Oracle ondersteunt het uitvoeren van de Edities Database 12.1 en hoger van Standard en Enterprise in Azure op VM-installatiekopieën op basis van Oracle Linux. U kunt Oracle-databases uitvoeren in een Azure-infrastructuur met behulp van Oracle Database op Oracle Linux-installatiekopieën die beschikbaar zijn in Azure Marketplace.

  • Oracle Database 12.2 en 18.3 Enterprise Edition
  • Oracle Database 12.2 en 18.3 Standard Edition
  • Oracle Database 19.3
    U kunt ook een van de volgende methoden volgen:
  • Oracle Database instellen op een niet-Oracle Linux-installatiekopieën die beschikbaar zijn in Azure.
  • Bouw een oplossing voor een aangepaste installatiekopieën die u helemaal zelf maakt in Azure.
  • Upload een aangepaste afbeelding vanuit uw on-premises omgeving.

U kunt er ook voor kiezen om uw oplossing te configureren met meerdere gekoppelde schijven. U kunt de databaseprestaties verbeteren door Oracle Automated Storage Management (ASM) te installeren. Voor de beste prestaties voor productieworkloads van Oracle Database in Azure moet u de VM-installatiekopieën goed aanpassen en de juiste opslagopties selecteren op basis van doorvoer, IOPS en latentie. Zie Een Oracle Database maken in een Azure-VM voor instructies over hoe u snel aan de slag kunt met een Oracle Database in Azure met behulp van de door Oracle gepubliceerde VM-installatiekopieën.

Oracle VM-installatiekopieën implementeren in Microsoft Azure

In deze sectie wordt informatie behandeld over Oracle-oplossingen op basis van VM-installatiekopieën (virtuele machines) die zijn gepubliceerd door Oracle in Azure Marketplace.
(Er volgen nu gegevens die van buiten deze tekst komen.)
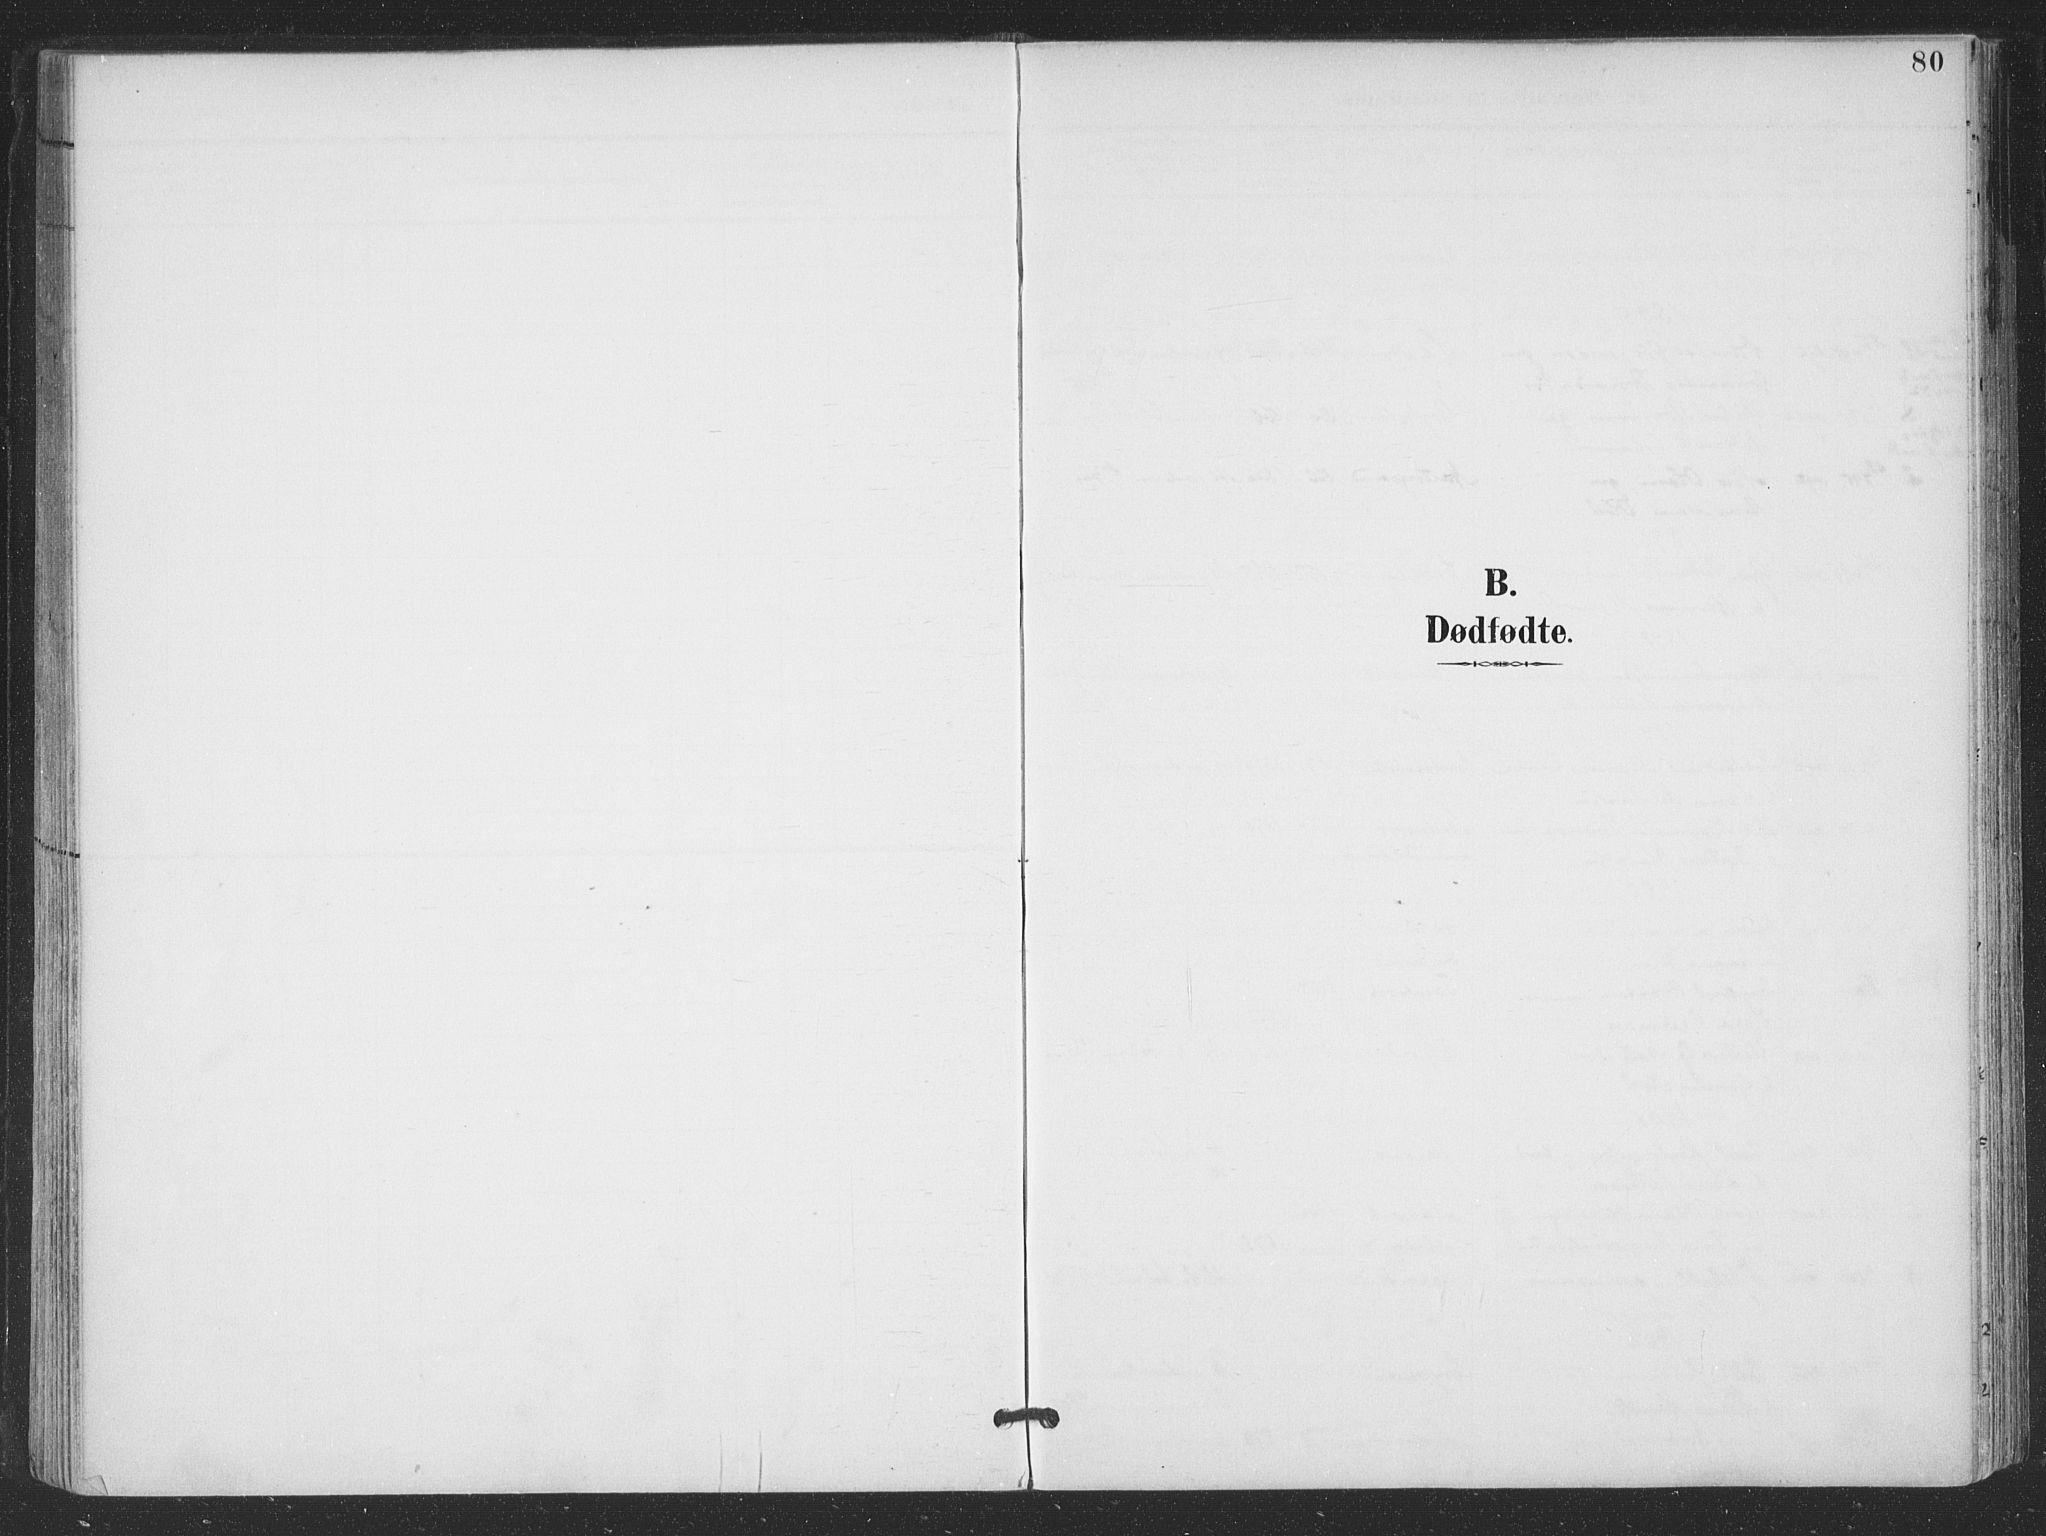 SAT, Ministerialprotokoller, klokkerbøker og fødselsregistre - Nordland, 866/L0939: Parish register (official) no. 866A02, 1894-1906, p. 80

Als u een lijst met momenteel beschikbare Oracle-installatiekopieën wilt ophalen, voert u de volgende opdracht uit met behulp van Azure CLI of Azure Cloud Shell

az vm image list --publisher oracle --output table –all

De installatiekopieën zijn bring-your-own-license. Er worden alleen kosten in rekening gebracht voor de kosten voor rekenkracht, opslag en netwerken die worden uitgevoerd op een virtuele machine. U kunt er ook voor kiezen om uw oplossingen te bouwen op een aangepaste installatiekopieën die u helemaal zelf maakt in Azure of om een aangepaste installatiekopieën te uploaden vanuit uw on-premises omgeving.

Belangrijk

U hebt een juiste licentie nodig voor het gebruik van Oracle-software en een huidige ondersteuningsovereenkomst met Oracle. Oracle heeft gegarandeerde licentiemobiliteit van on-premises naar Azure. Zie de veelgestelde vragen over Oracle en Microsoft Strategic Partnership voor meer informatie over licentiemobiliteit.
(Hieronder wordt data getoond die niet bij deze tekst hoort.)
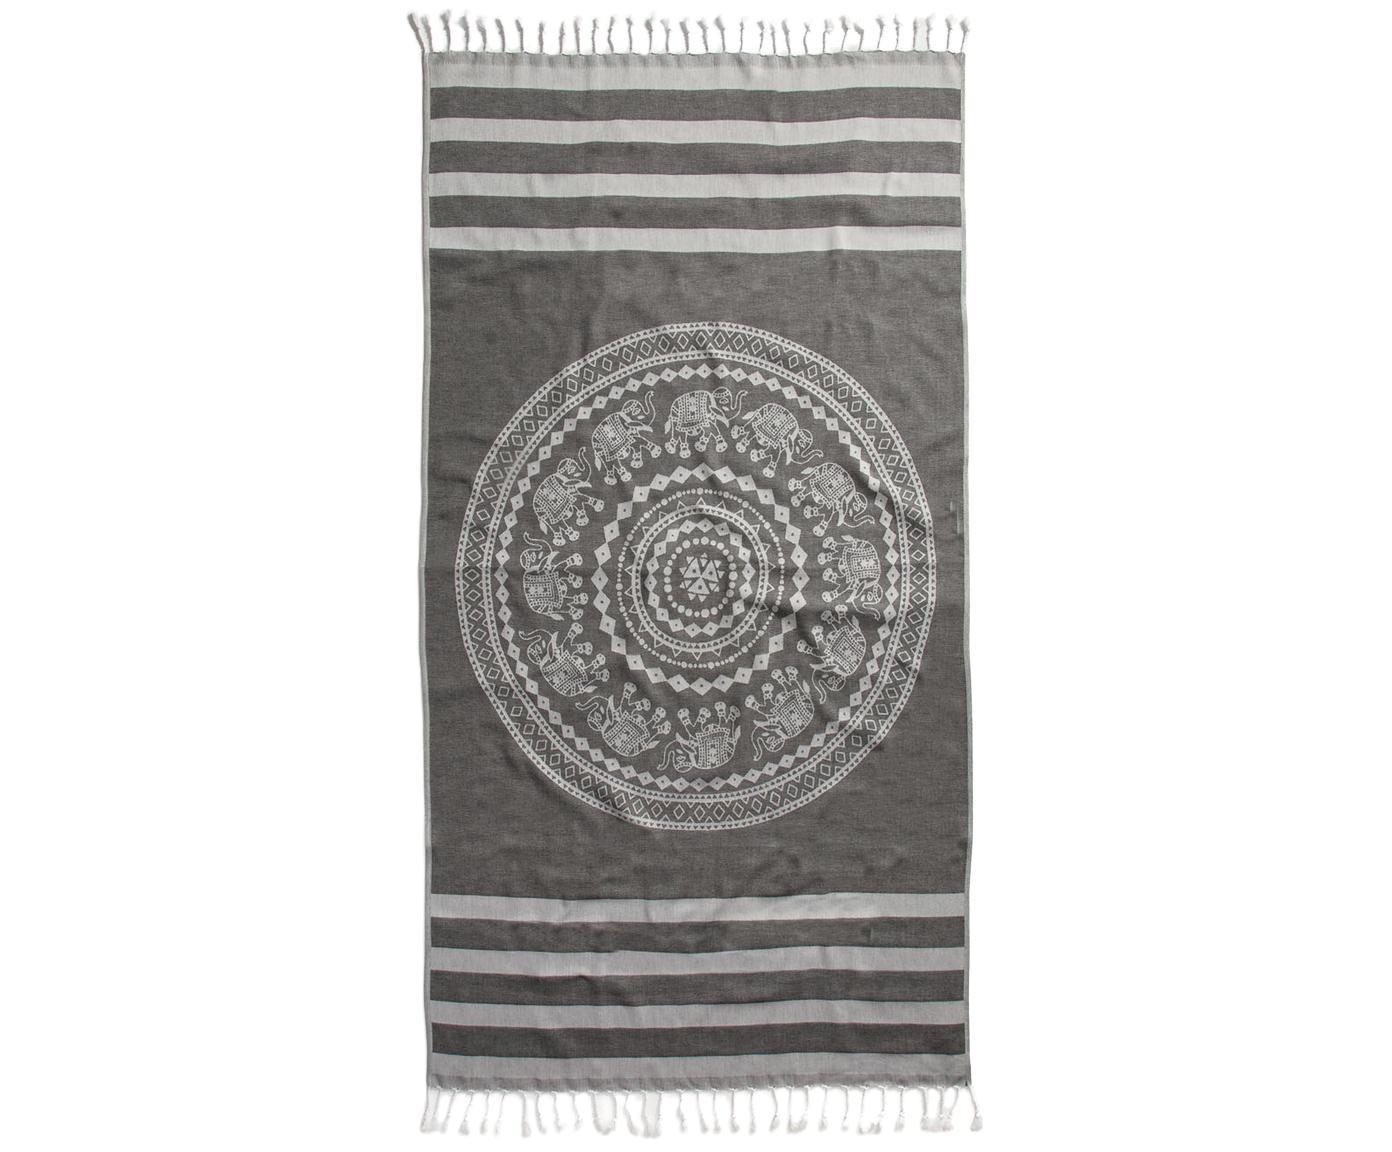 Hamamtuch Shiva, 100% Baumwolle leichte Stoffqualität, 210g/m², Schwarz, Grau, 90 x 180 cm

Toepassingen op Oracle Linux en WebLogic-server

Voer bedrijfstoepassingen uit op weblogic-server in Azure op ondersteunde Oracle Linux-installatiekopieën. Zie de documentatie van WebLogic, Oracle WebLogic Server in Azure Solution Overview voor meer informatie.

WebLogic Server met Azure-service-integraties

Oracle en Microsoft werken samen om WebLogic Server naar Azure Marketplace te brengen in de vorm van Azure-toepassing aanbieding. Zie Wat zijn oplossingen voor het uitvoeren van Oracle WebLogic Server voor meer informatie over deze aanbiedingen.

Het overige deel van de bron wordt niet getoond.